В моих туркестанских краях все это выглядело поэкзотичней пальм и лиан и даже Маугли, выращенного в джунглях волчицей…

Завидовал неизвестным северным сверстникам, знающим все это не по обложкам.

С тех времен и засело в сознании это ощущение Нового года как ожидание чего-то необычного, незнаемого и — праздничного…

Рад, что ощущение это не покинуло меня, оно пожизненно, и, верно, оттого нравится встречать эту Ночь пусть в шумности, в бестолковости, в нелепой сутолоке, но обязательно на людях и с людьми…

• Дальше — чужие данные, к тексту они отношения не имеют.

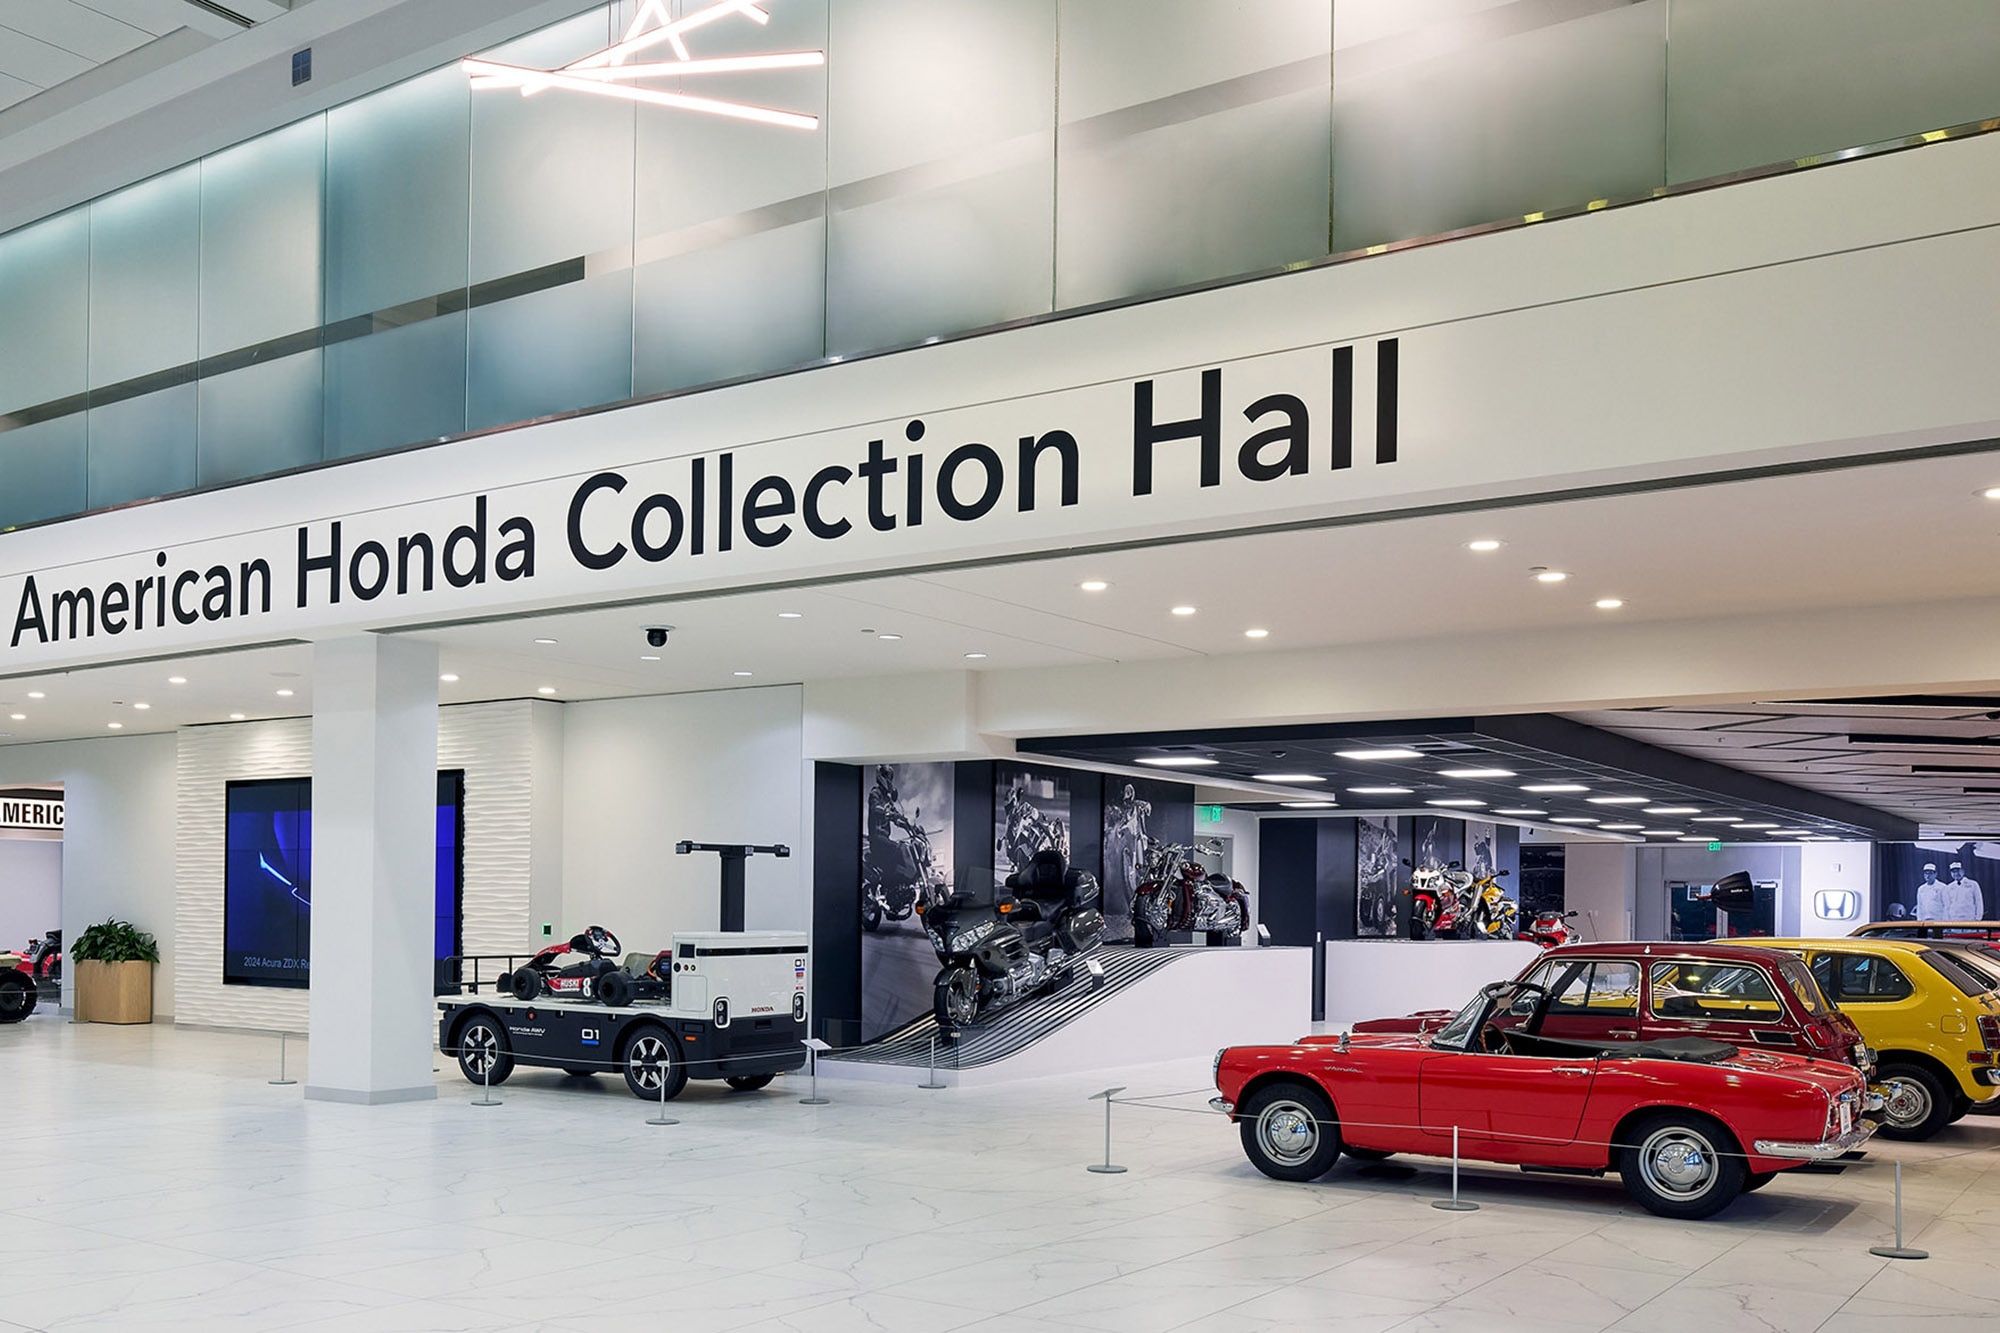 American Honda Collection Hall

Ощущение — тревожащее, будоражащее…

Хотя приходила эта Ночь по-разному и в разных обстоятельствах — не всегда сияли люстры, бывало, чадили и коптилки.

Даже не фигурально.

Так я встретил при коптилке ночь на первое января одна тысяча девятьсот сорок второго года — во фронтовой теплушке, со случайными попутчиками, объединенными военными обстоятельствами, и ровно в двенадцать чокнулись оловянными кружками, а в кружках был кипяток, и мы вышли на полустанке, а кругом был лес, облитый голубоватым лунным светом, такой же фантастический и таинственный северный лес, так манивший меня с обложек «Нивы» и «Задушевного слова», только без Деда Мороза, без Снегурочки в серебряной шубке. Погромыхивала глухо артиллерия, да из другой теплушки, плотно затворенной, доносилась песня на чужом языке — пели ее взятые в плен под Ленинградом, на Неве, солдаты испанской Голубой дивизии…

И я позавидовал самому себе — и тому, довоенному, и тому, кто встретит будущий, следующий Новый год… если он его встретит.

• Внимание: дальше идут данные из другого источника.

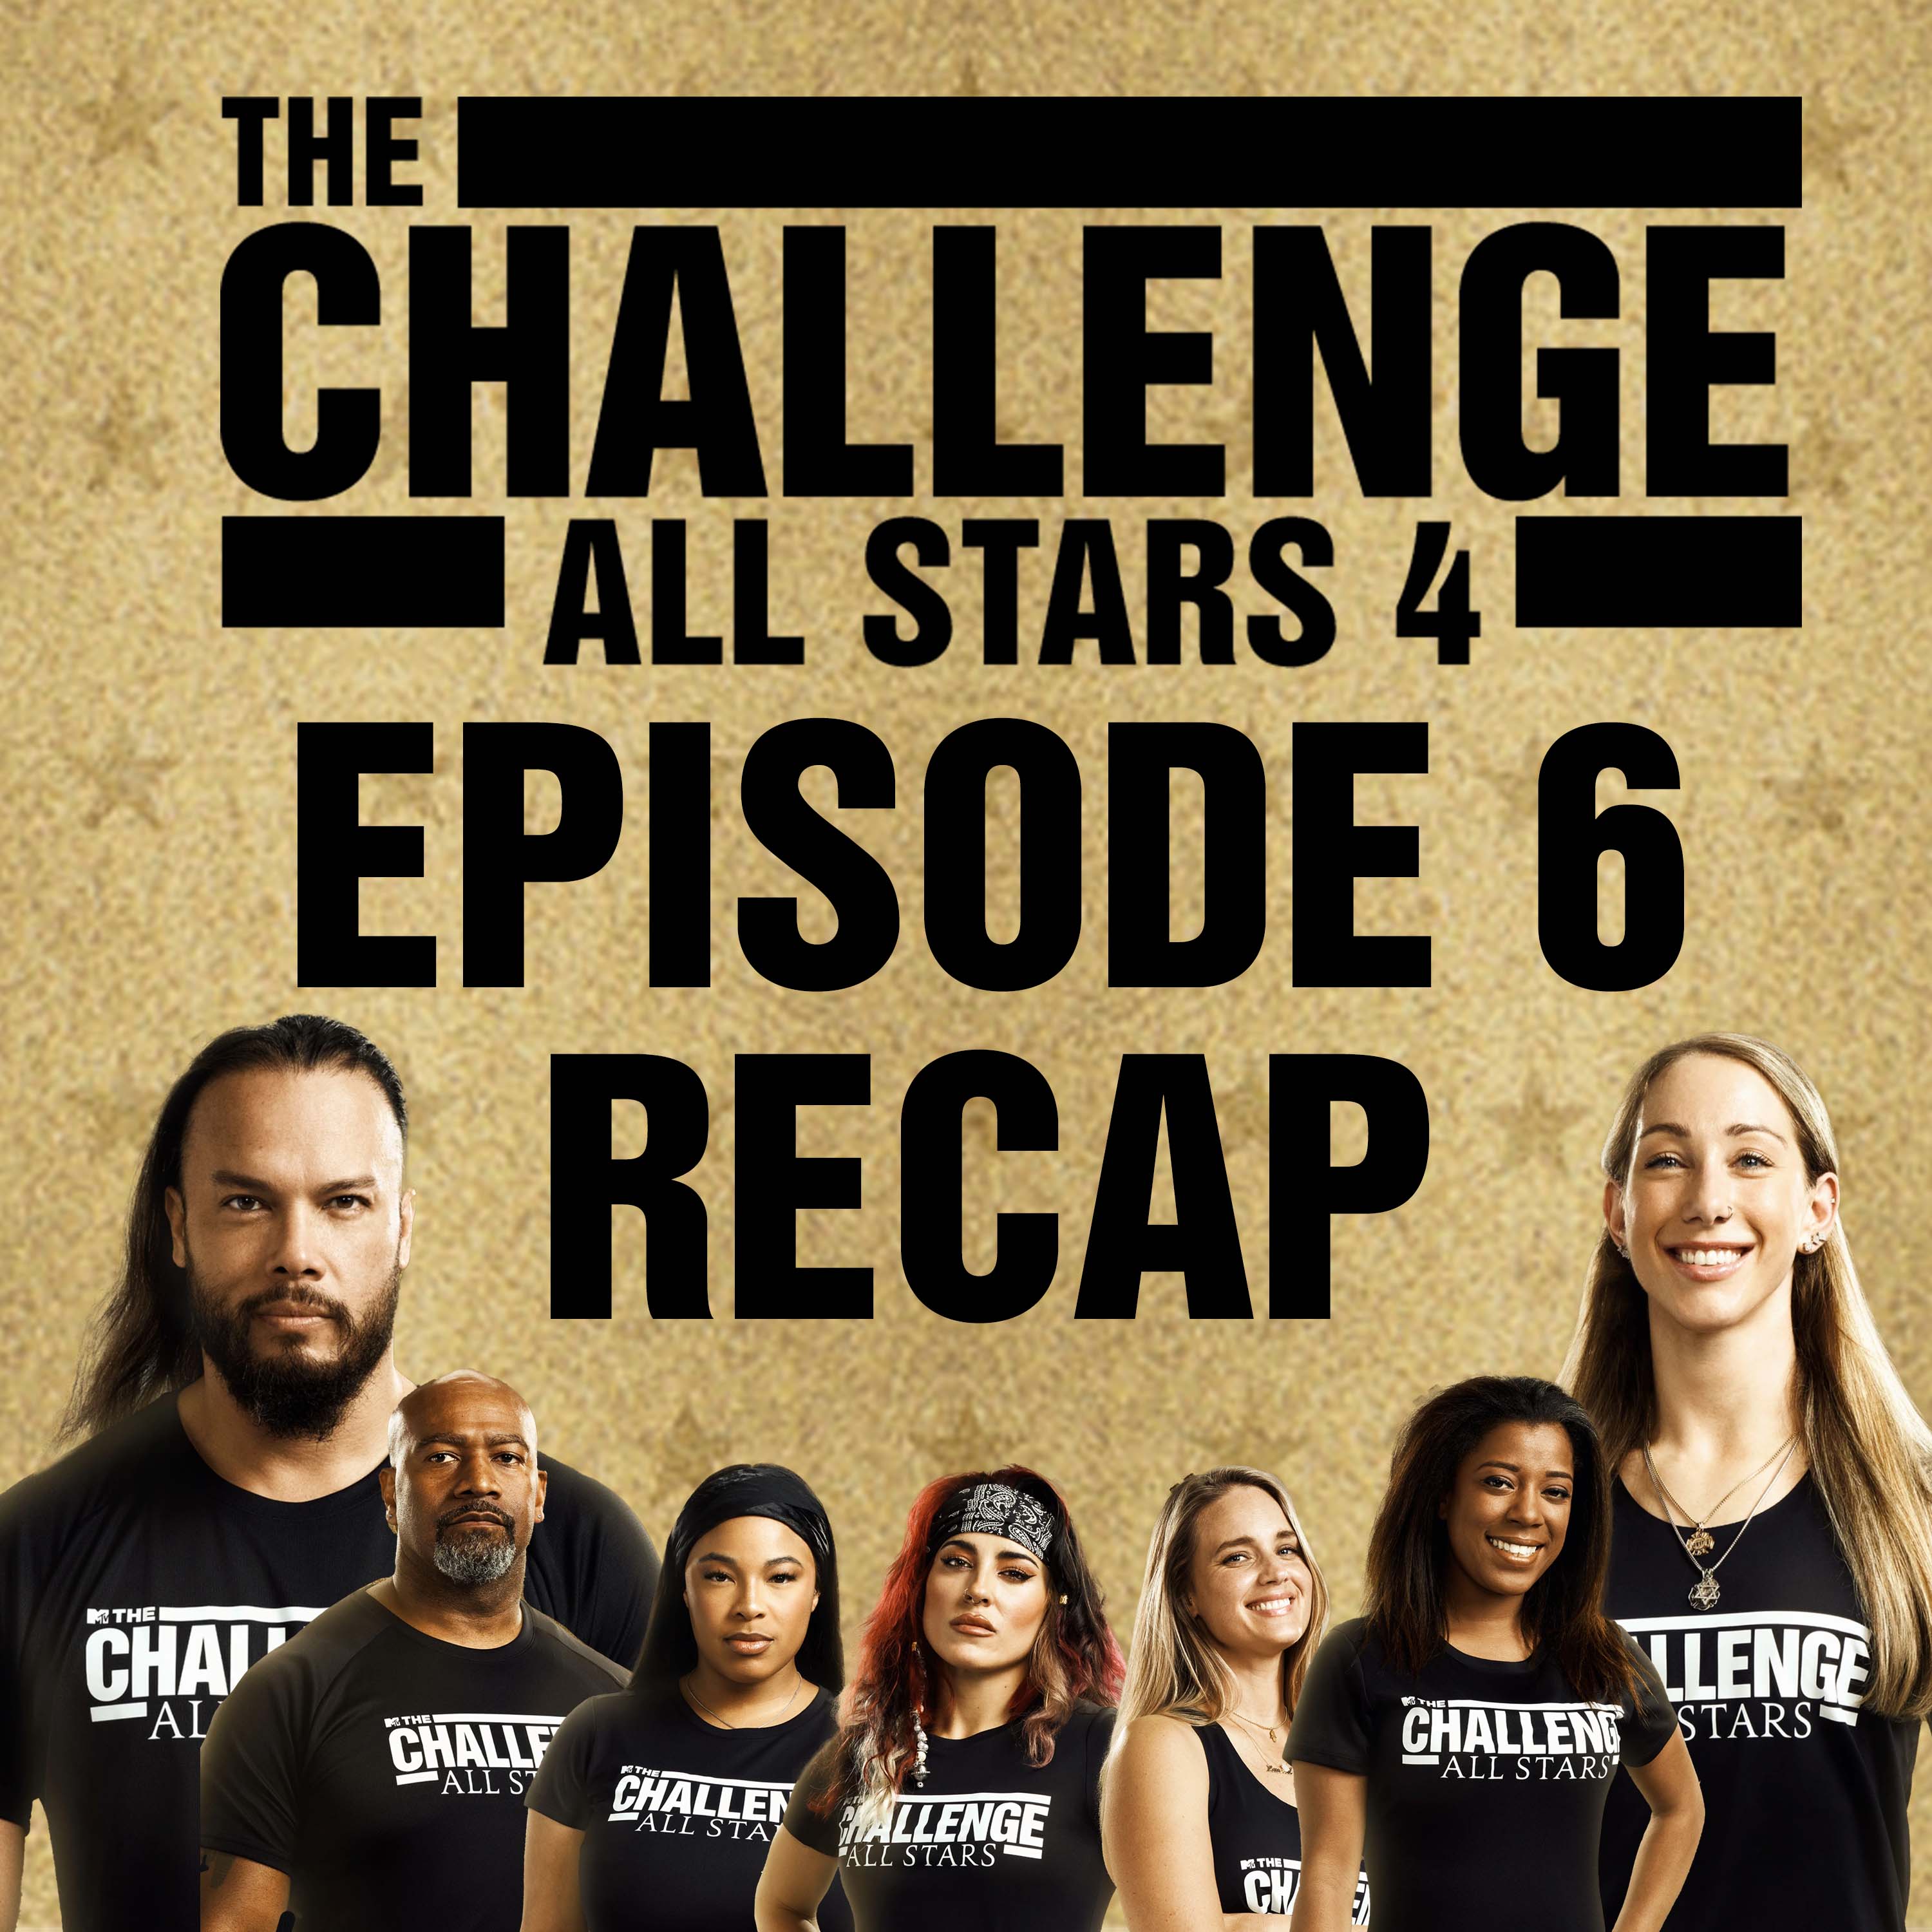 All Stars 4 Episode 6 Recap

Да, Новый год всегда, при всех обстоятельствах, даже самых мрачных, самых трагических, остается Новым годом, и новогодняя ночь — Ночью Больших Ожиданий и Больших Надежд…

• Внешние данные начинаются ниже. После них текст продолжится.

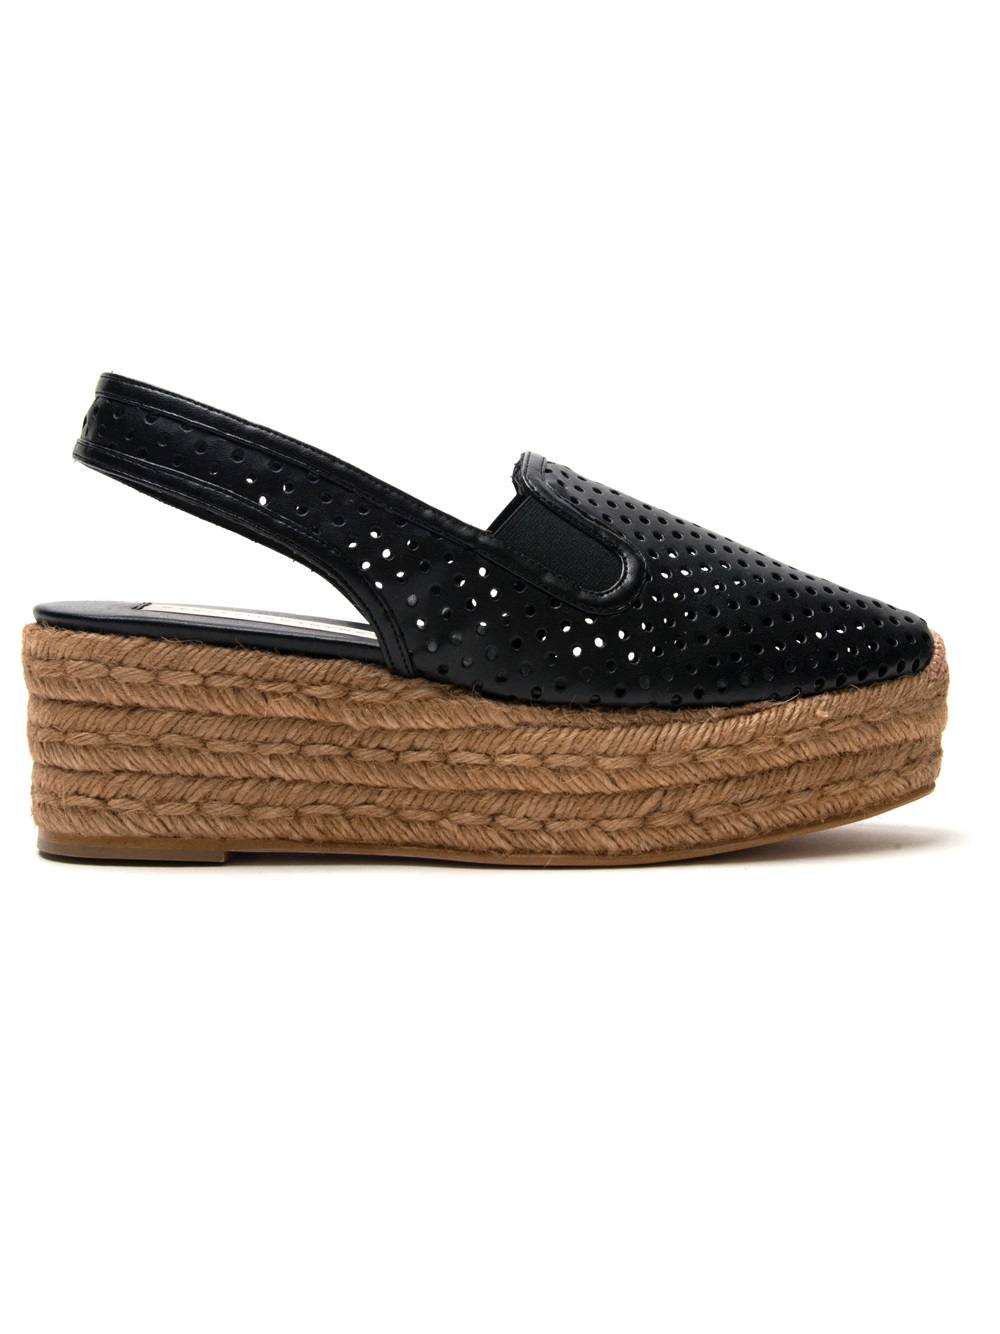 Stella mccartney Perforated Wedge Sandal in Black | Lyst

В меру сил своих стремился я это свое ощущение отдать зрителю. Оттого именно новогодняя ночь стала временем действия двух моих пьес, где место действия — странный город, со своим несколько угрюмым очарованием, когда летом нет ночи, а зимой не бывает дня, когда падает с неба таинственное северное сияние, неведомым светом озаряющее странный город, спускающийся к студеному морю черными каменными террасами. Длится здесь месяцами полярная ночь, и совы, и летучие мыши охотятся при дневном свете.

Военные корабли уходят от этих суровых берегов в Мировой океан, рыбачьи траулеры и плавбазы идут отсюда за рыбой в самые экзотические точки планеты, моряки торгового флота держат отсюда курс во многие порты земного шара…

Несут здесь свою, тоже нелегкую вахту, подвергаясь одной из самых мучительнейших пыток — ожиданием, — и семьи моряков…

Ждут с моря совсем так, как ждали во все времена поморки мужей, отцов, сыновей, уходивших отсюда на рыбачий промысел в Ледовитый океан…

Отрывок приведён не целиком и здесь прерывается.